Car la mission commence dès l’Epiphanie et elle commence de travers : dès le début elle mélange tout, juifs et païens, riches et pauvres, elle se teinte de mythes tous plus fantasques les uns que les autres ; et dès le début, elle porte du fruit. La mission ce sont des va-et-vient qui n’ont pas toujours beaucoup de sens en eux-mêmes mais qui prennent leur sens en Dieu. C’est par le biais des farfelus que l’on appelle missionnaires, que l’Evangile est arrivée aux confins du monde.

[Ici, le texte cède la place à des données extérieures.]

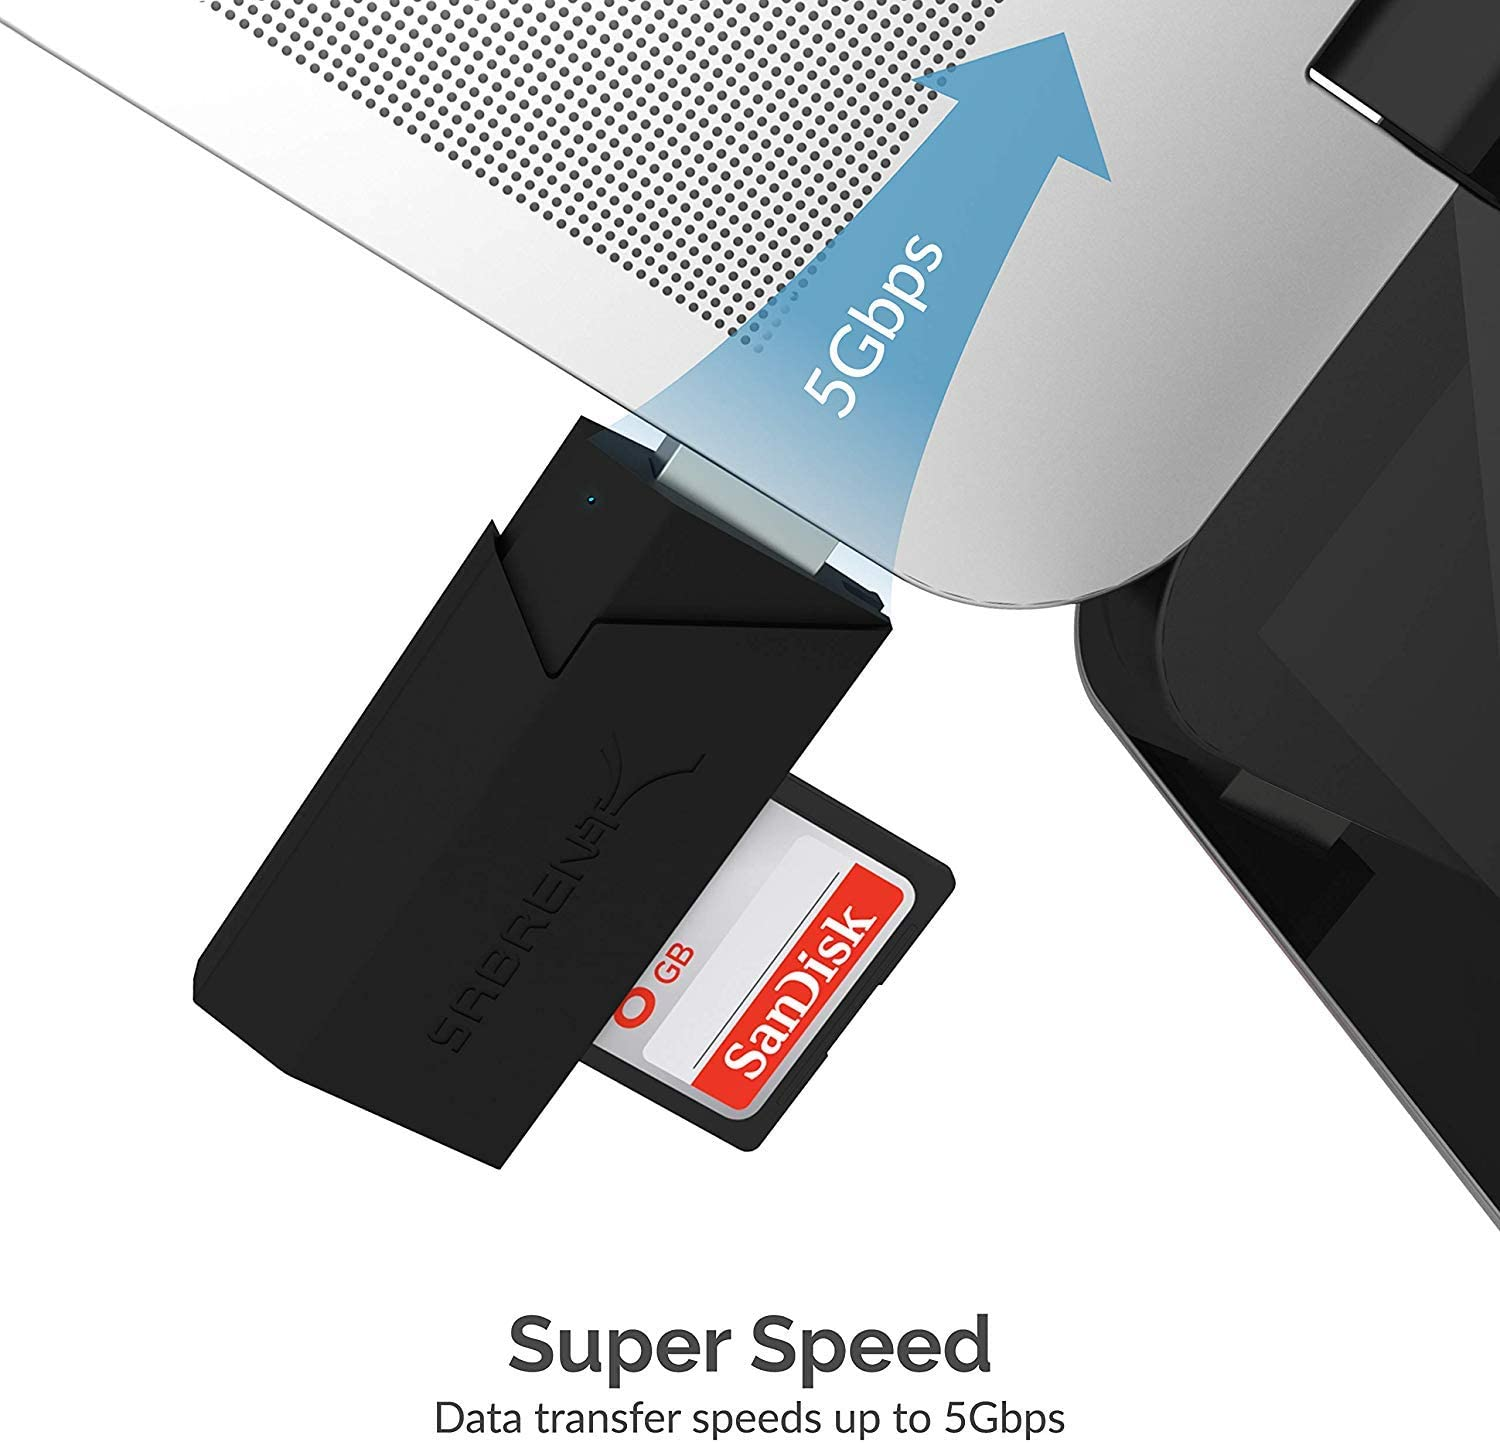 SABRENT SuperSpeed 2 Slot USB 3.0 Flash Memory Card Reader for Windows, Mac, Linux, and Certain Android Systems Supports SD, SDHC, SDXC, MMC/MicroSD, T Flash [Black] (CR-UMSS)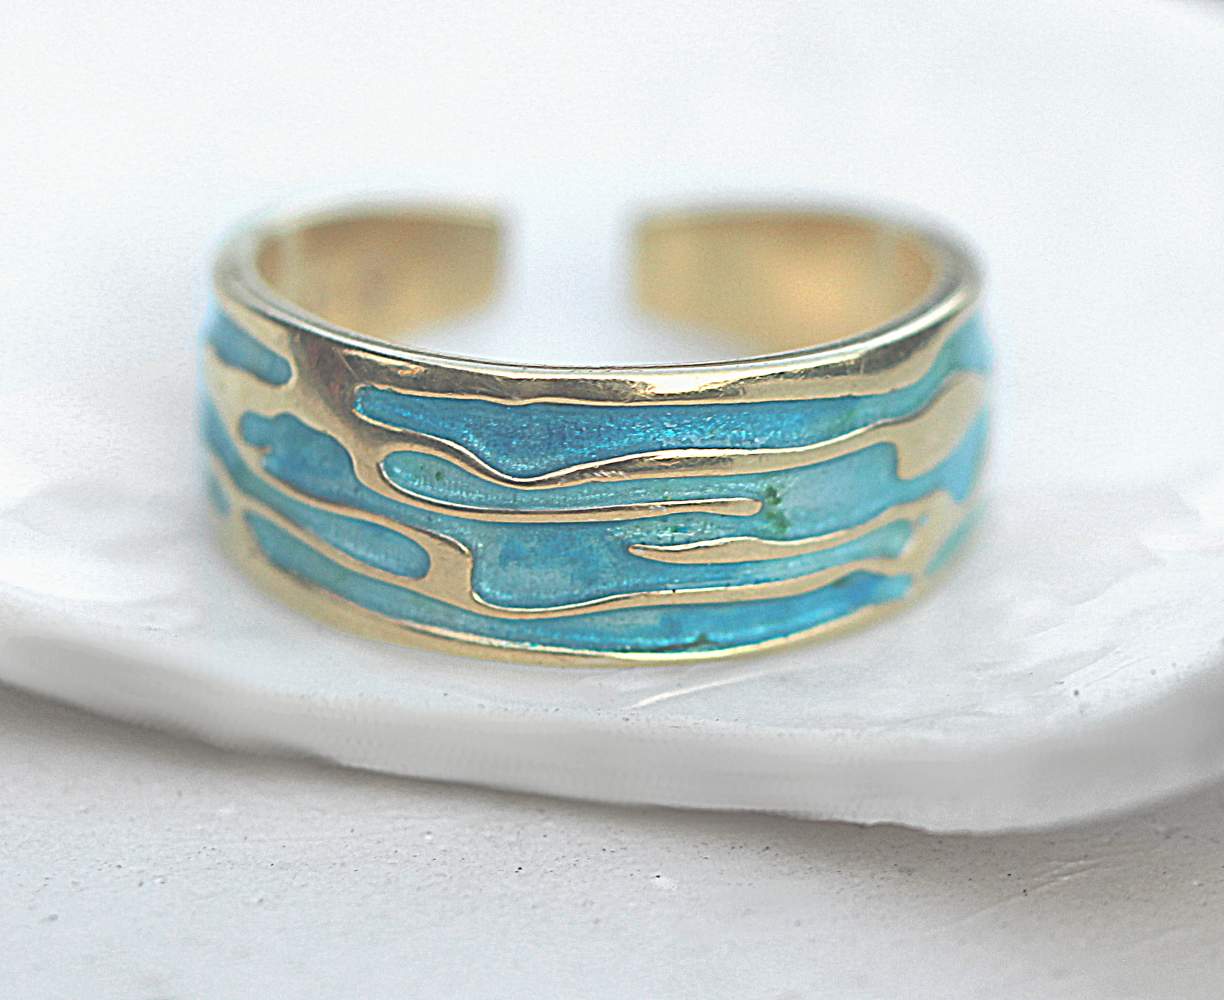 Ocean Ring. 18k gold plated sterling silver. Enamel in shades of turquoise

Si l’Epiphanie a tant d’importance aux Missions Etrangères, c’est peut-être pour l’Orient, pour la route, pour l’annonce imparfaite et à contre-temps, mais surtout je crois parce qu’elle complète Noël de manière indispensable. Noël est un cocon dans lequel on est bien. On contemple l’enfant Dieu qui sourit, sous la protection des anges. Mais à partir de l’Epiphanie, il faut se mettre en mouvement. Il faut fuir en Egypte pour sauver l’Enfant ou rentrer chez soi par un autre chemin pour commencer le travail mais on ne peut plus rester immobile.

Ce n’est sans doute pas un hasard si en cinq ans de séminaire, chaque Noël m’a vu renoncer à ma vocation missionnaire et chaque Épiphanie me l’a faite retrouver. Jésus aurait pu le dire ainsi : Ne restez pas plantés là, allez annoncer à toute la terre ce que vous avez vu, allez ! On ne sait pas si les mages ont jamais prononcé une parole après avoir rencontré le fils de Dieu, mais je suis certain qu’à cinq minutes à pied de chez moi, dans la cathédrale de Tokyo, se trouve une relique qui leur est attribuée. Là non plus, ce n’est peut-être pas un hasard si chaque année les mages m’ont remis « sur un autre chemin », jusqu’à m’accueillir à l’autre bout du monde, au Japon, ma terre promise, ma terre de mission.